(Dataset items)
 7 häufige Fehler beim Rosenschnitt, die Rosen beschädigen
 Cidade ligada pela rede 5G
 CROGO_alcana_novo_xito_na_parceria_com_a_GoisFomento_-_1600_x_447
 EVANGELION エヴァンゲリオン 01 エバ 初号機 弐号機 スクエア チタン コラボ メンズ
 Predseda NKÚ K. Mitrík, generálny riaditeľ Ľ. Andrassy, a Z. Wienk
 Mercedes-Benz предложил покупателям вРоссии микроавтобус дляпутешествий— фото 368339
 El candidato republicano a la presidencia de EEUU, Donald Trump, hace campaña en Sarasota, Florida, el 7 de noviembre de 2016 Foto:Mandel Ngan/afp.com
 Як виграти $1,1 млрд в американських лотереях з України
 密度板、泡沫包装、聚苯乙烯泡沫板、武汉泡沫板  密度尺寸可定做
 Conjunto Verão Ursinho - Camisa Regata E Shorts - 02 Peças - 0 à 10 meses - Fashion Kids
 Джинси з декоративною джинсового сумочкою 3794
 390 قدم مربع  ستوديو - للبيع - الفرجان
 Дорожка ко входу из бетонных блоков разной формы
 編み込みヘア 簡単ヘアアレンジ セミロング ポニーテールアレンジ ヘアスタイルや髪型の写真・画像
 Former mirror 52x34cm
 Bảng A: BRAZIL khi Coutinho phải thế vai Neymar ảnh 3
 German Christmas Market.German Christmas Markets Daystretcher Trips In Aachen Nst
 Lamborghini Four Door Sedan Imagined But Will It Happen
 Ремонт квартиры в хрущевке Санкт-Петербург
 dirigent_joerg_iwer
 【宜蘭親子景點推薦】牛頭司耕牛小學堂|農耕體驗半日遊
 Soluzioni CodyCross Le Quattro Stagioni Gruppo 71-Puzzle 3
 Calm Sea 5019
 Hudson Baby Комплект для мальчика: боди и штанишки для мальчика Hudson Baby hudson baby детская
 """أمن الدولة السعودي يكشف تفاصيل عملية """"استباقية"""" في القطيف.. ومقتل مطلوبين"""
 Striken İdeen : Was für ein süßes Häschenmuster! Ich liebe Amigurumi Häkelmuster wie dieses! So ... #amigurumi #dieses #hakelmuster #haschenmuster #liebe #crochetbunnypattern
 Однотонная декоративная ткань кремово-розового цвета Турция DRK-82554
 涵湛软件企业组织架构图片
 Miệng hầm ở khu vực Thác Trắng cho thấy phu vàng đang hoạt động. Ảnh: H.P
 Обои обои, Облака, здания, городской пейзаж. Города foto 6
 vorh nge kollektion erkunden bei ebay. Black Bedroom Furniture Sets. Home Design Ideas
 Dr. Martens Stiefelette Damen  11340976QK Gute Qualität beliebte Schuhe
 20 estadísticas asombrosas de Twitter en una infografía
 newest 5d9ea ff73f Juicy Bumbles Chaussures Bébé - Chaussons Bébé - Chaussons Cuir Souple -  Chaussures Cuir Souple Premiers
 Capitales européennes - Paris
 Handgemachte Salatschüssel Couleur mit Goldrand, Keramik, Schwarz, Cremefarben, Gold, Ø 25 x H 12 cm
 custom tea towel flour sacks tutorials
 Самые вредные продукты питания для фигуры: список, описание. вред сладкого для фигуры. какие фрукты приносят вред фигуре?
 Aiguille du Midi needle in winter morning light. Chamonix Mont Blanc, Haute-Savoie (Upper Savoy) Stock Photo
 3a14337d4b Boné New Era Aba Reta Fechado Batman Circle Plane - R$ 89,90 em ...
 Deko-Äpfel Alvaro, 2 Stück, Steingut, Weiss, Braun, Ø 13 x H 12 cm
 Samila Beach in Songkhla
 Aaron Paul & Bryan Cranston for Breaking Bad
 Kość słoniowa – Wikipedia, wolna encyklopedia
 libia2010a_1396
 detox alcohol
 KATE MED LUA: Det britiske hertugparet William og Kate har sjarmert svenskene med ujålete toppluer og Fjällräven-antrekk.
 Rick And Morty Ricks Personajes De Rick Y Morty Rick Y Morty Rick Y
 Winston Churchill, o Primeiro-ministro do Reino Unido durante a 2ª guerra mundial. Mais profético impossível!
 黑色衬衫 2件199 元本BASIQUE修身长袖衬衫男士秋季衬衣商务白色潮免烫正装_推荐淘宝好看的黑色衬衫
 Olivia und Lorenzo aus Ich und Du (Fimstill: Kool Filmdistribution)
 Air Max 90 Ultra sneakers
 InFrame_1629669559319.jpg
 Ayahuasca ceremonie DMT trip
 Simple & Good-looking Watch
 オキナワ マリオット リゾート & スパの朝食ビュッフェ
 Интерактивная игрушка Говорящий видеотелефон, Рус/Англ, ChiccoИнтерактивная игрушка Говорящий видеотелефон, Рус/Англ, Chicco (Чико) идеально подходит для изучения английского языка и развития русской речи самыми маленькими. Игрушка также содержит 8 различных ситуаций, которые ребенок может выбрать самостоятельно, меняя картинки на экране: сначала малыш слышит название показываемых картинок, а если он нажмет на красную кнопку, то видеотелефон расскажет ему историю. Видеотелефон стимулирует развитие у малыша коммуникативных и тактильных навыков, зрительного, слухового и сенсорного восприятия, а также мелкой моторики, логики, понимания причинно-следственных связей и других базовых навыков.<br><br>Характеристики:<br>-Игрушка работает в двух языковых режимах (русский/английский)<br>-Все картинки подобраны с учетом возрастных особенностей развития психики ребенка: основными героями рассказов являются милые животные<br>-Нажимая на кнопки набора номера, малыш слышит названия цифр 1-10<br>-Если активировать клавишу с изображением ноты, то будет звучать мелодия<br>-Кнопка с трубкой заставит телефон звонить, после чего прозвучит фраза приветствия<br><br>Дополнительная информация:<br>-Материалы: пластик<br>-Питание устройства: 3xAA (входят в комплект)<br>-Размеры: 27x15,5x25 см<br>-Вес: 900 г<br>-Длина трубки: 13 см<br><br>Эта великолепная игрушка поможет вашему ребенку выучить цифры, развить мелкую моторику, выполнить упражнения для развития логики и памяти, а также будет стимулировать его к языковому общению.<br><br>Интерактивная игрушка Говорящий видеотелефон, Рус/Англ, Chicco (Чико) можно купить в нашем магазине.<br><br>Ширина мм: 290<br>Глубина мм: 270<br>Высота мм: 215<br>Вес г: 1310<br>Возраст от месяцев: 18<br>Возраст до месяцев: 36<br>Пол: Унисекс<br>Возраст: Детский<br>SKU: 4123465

• Problem description
Would you copy out exactly the lines above that start at the one containing "dirigent_joerg_iwer" and end at the one containing "KATE MED LUA: Det", inclusive?

• Answer for the task
 dirigent_joerg_iwer
 【宜蘭親子景點推薦】牛頭司耕牛小學堂|農耕體驗半日遊
 Soluzioni CodyCross Le Quattro Stagioni Gruppo 71-Puzzle 3
 Calm Sea 5019
 Hudson Baby Комплект для мальчика: боди и штанишки для мальчика Hudson Baby hudson baby детская
 """أمن الدولة السعودي يكشف تفاصيل عملية """"استباقية"""" في القطيف.. ومقتل مطلوبين"""
 Striken İdeen : Was für ein süßes Häschenmuster! Ich liebe Amigurumi Häkelmuster wie dieses! So ... #amigurumi #dieses #hakelmuster #haschenmuster #liebe #crochetbunnypattern
 Однотонная декоративная ткань кремово-розового цвета Турция DRK-82554
 涵湛软件企业组织架构图片
 Miệng hầm ở khu vực Thác Trắng cho thấy phu vàng đang hoạt động. Ảnh: H.P
 Обои обои, Облака, здания, городской пейзаж. Города foto 6
 vorh nge kollektion erkunden bei ebay. Black Bedroom Furniture Sets. Home Design Ideas
 Dr. Martens Stiefelette Damen  11340976QK Gute Qualität beliebte Schuhe
 20 estadísticas asombrosas de Twitter en una infografía
 newest 5d9ea ff73f Juicy Bumbles Chaussures Bébé - Chaussons Bébé - Chaussons Cuir Souple -  Chaussures Cuir Souple Premiers
 Capitales européennes - Paris
 Handgemachte Salatschüssel Couleur mit Goldrand, Keramik, Schwarz, Cremefarben, Gold, Ø 25 x H 12 cm
 custom tea towel flour sacks tutorials
 Самые вредные продукты питания для фигуры: список, описание. вред сладкого для фигуры. какие фрукты приносят вред фигуре?
 Aiguille du Midi needle in winter morning light. Chamonix Mont Blanc, Haute-Savoie (Upper Savoy) Stock Photo
 3a14337d4b Boné New Era Aba Reta Fechado Batman Circle Plane - R$ 89,90 em ...
 Deko-Äpfel Alvaro, 2 Stück, Steingut, Weiss, Braun, Ø 13 x H 12 cm
 Samila Beach in Songkhla
 Aaron Paul & Bryan Cranston for Breaking Bad
 Kość słoniowa – Wikipedia, wolna encyklopedia
 libia2010a_1396
 detox alcohol
 KATE MED LUA: Det britiske hertugparet William og Kate har sjarmert svenskene med ujålete toppluer og Fjällräven-antrekk.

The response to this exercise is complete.